И в газете «Политикен» Горький в то же самое время писал:

«Все, что я думаю о моей родине или, правильнее, о русском народе, о главной массе его – о крестьянской массе,– причиняет мне боль и скорбь... Повсюду – беспредельная серая равнина, и среди нее жалкий человек, как потерянный на своем унылом, корявом клочке земли, вынужденный добывать самым тяжким рабским трудом каждую крупицу своего пропитания. И этот человек преисполняется равнодушия, убивающего способность мыслить, запоминать переживаемое, накоплять идеи своего опыта»...

Рядом с деревней – город кажется Горькому средоточием красоты и силы.
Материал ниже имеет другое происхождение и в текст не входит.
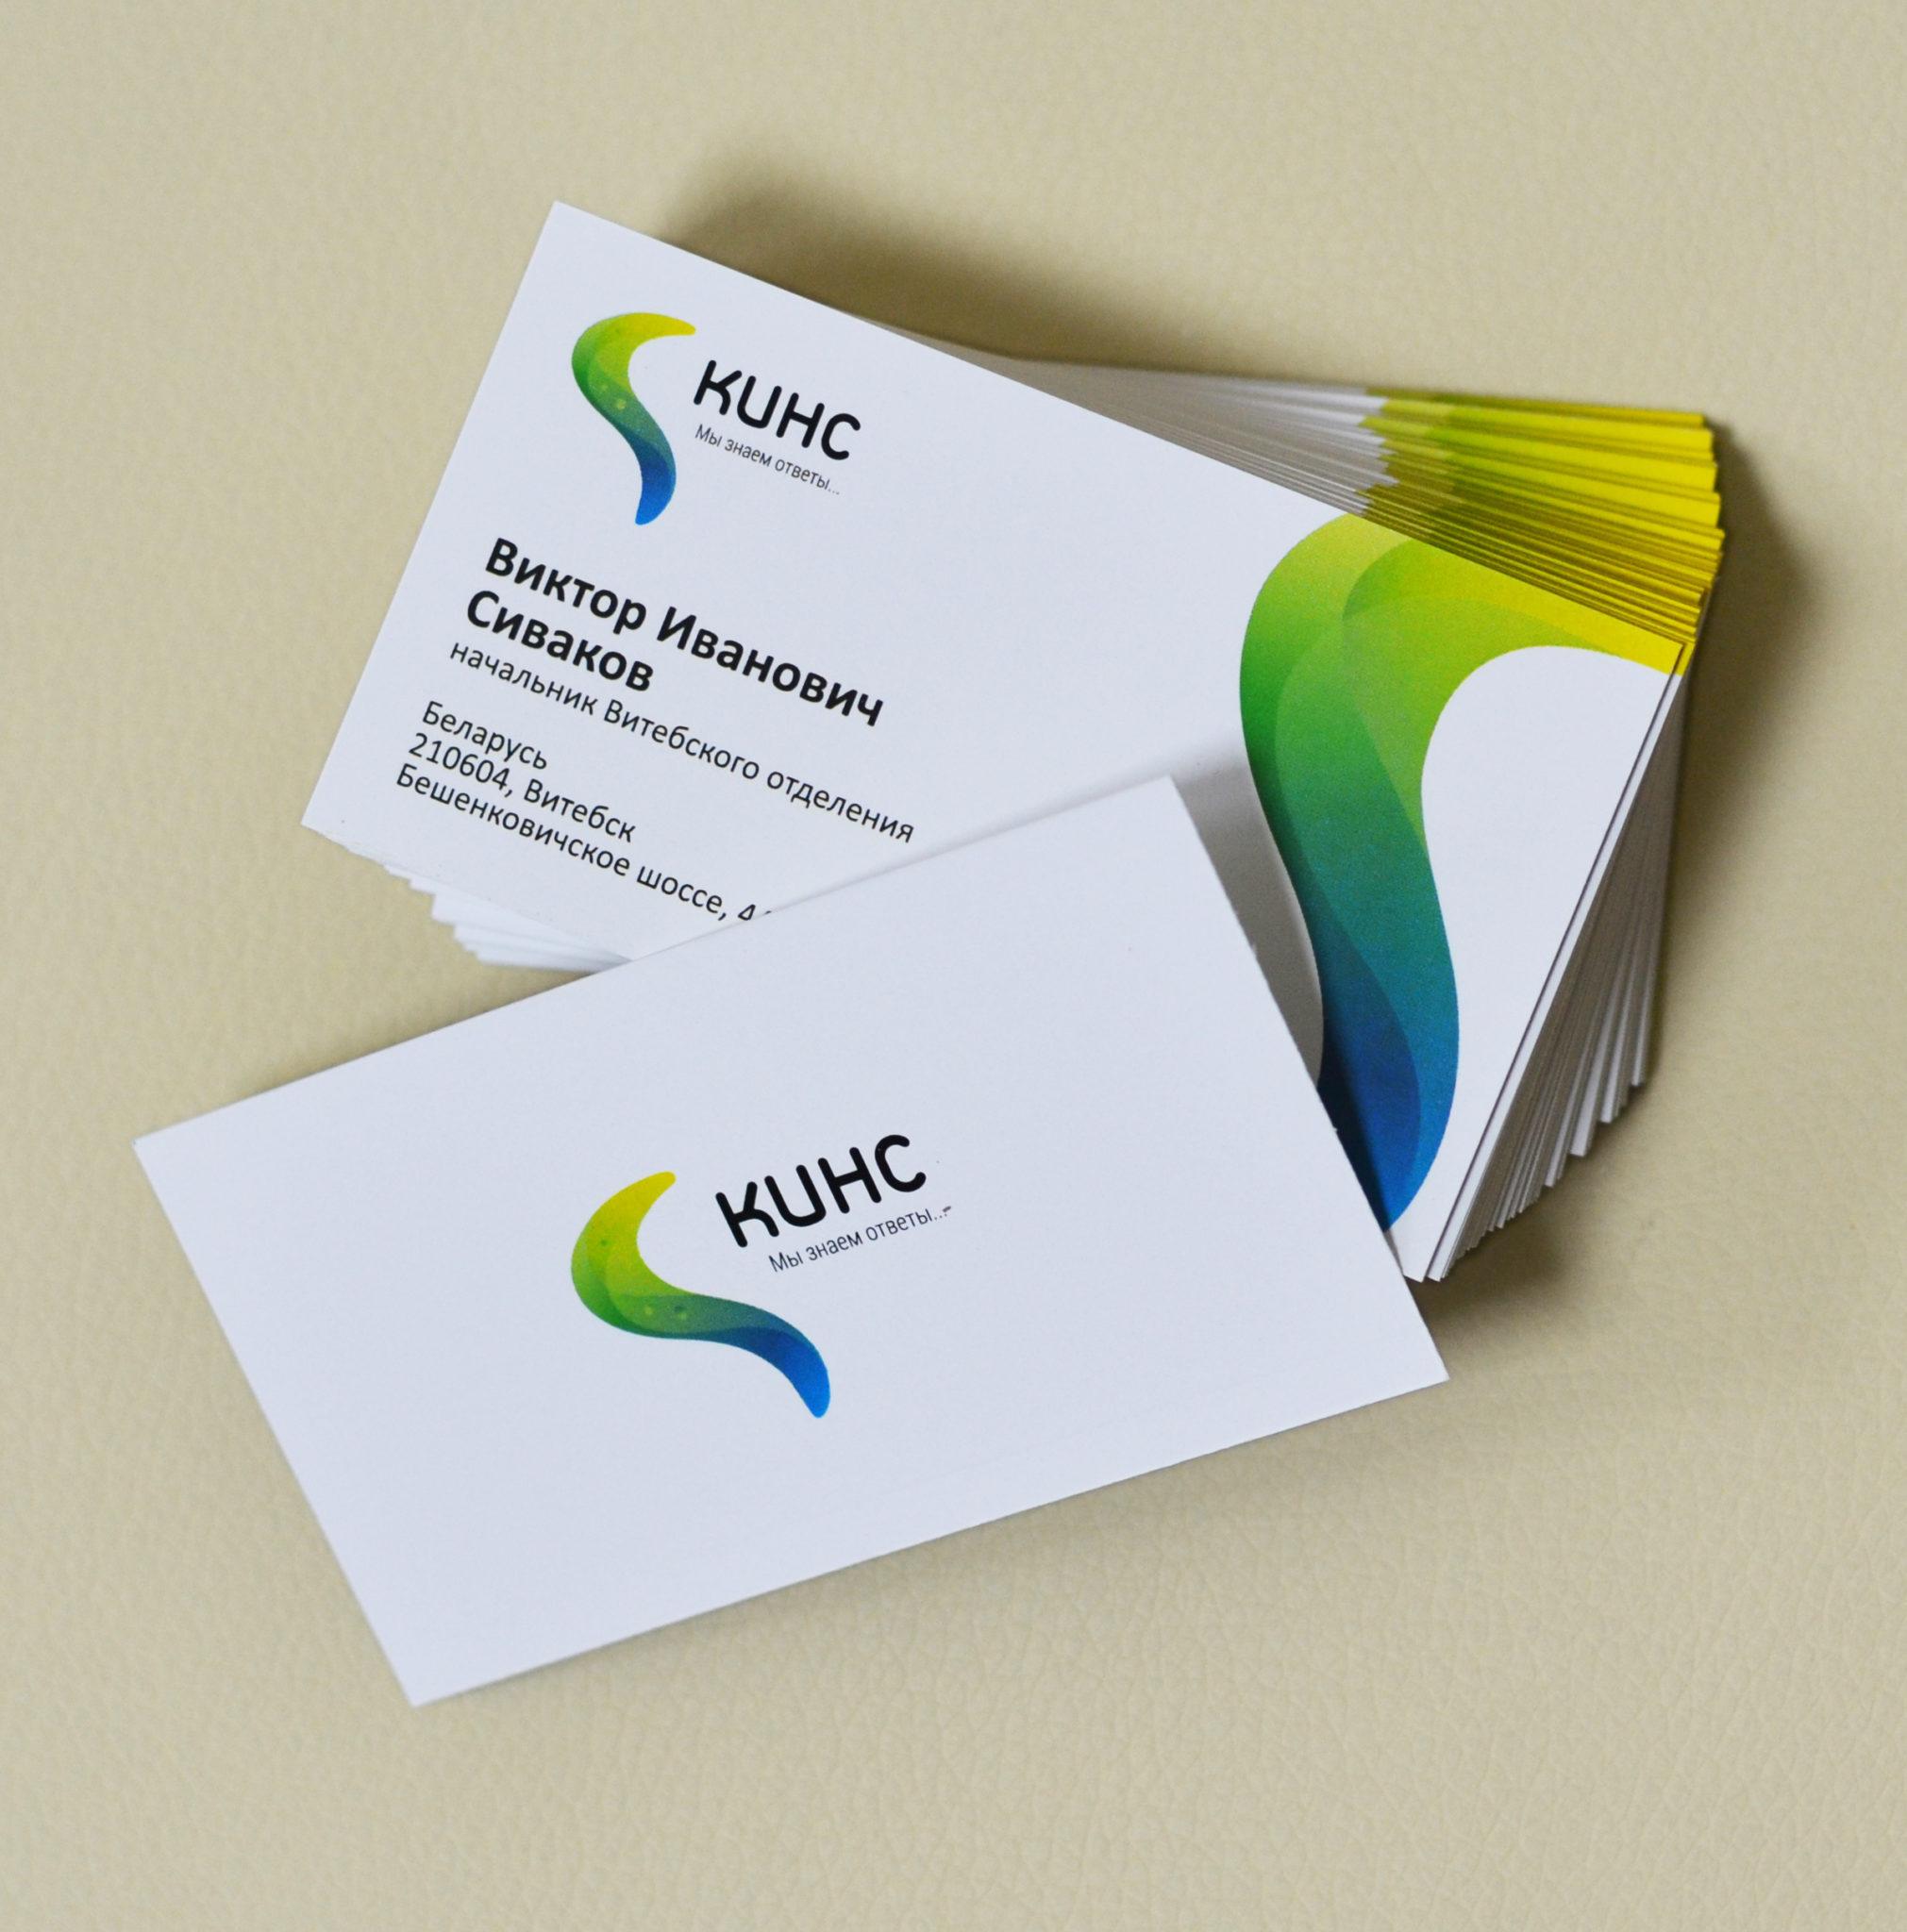 Быстрая и качественная печать визитных карточек — это просто

«Из бесформенных мертвых глыб руды творит он (горожанин) машины и аппараты, изумительно остроумные, напоенные его духом – живые существа. Он подчинил своим высоким целям силы природы... Все вокруг него носит отпечаток страстной борьбы его духа, могущества его мечтаний и надежд, его любви и ненависти, его сомнений и веры, его трепетной души, пылающей неугасимой жаждой новых форм, идей и действий, мучительным стремлением вырвать у природы все новые тайны, найти смысл существования».
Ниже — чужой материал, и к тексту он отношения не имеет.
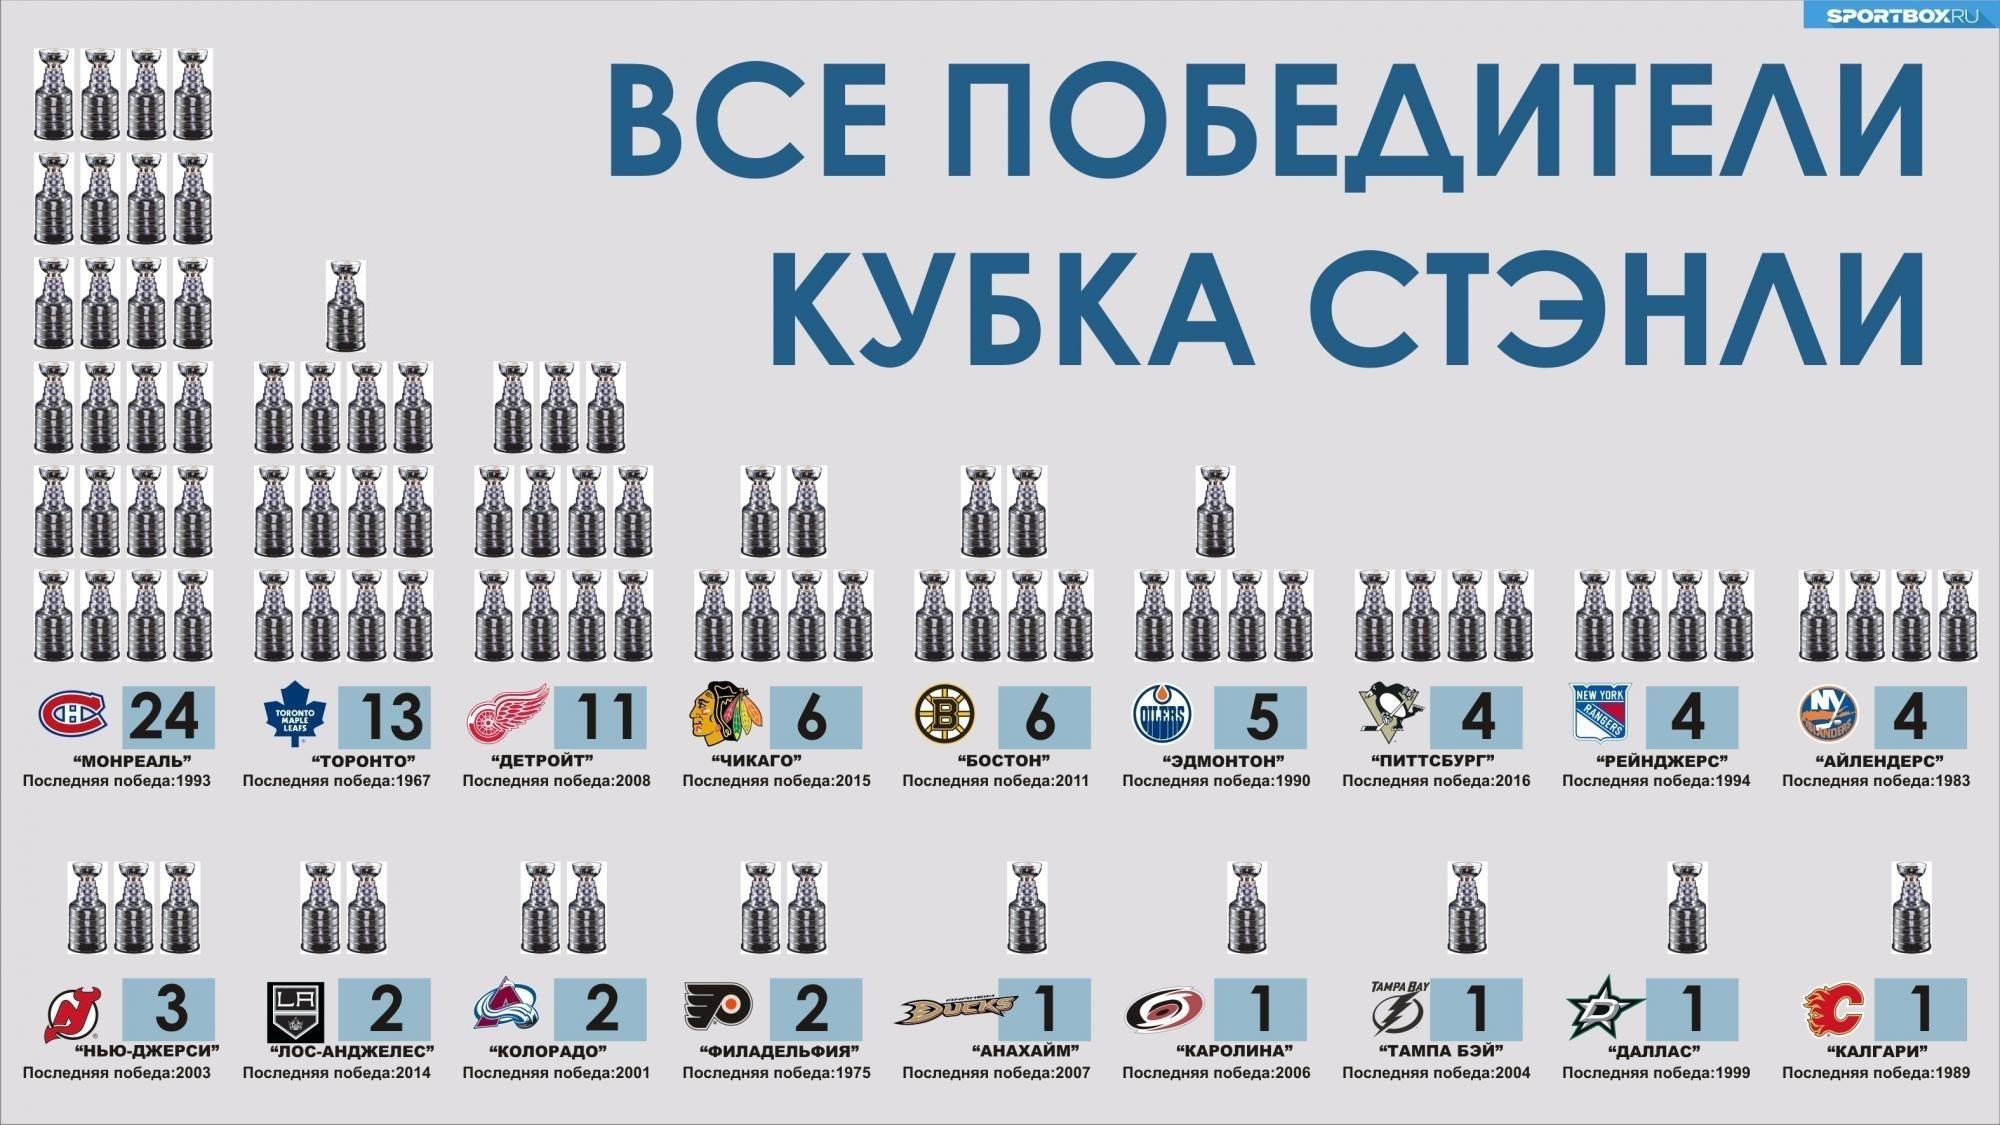 Кубок стэнли победители

Теперь во всех своих книгах Горький непрерывно твердит:

«Я отчетливо вижу преимущества города, его жажду счастья, дерзкую пытливость разума, разнообразие его целей и задач» («Мои университеты», стр. 91).

Но, как художник, Горький говорит иное. Он, поэт моря и степи, поэт большой дороги, всю жизнь изображал город, как гроб. Очутившись, например, в 1906 году в Нью-Йорке, он проклял его небоскребы, его трамваи, мосты, его биржу, его рынки и лавки – и гул железа, и вой электричества, и шум работ – то есть именно все то, что делает город – городом. Нью-Йорк ненавистен ему не потому, что это Нью-Йорк, а потому, что это наивысшее воплощение города. Город казался ему «жадным и грязным желудком обжоры, который впал от жадности в идиотизм и с диким ревом скота пожирает мозги и нервы» * Сб. «Знания», XI, с. 342. .

Горькому казалось тогда, что все Линкольны и Вашингтоны должны вырваться из этого города, как из тюрьмы,– «куда-нибудь вон, прочь из этого города, в поле, где блестит луна, есть воздух и тихий покой».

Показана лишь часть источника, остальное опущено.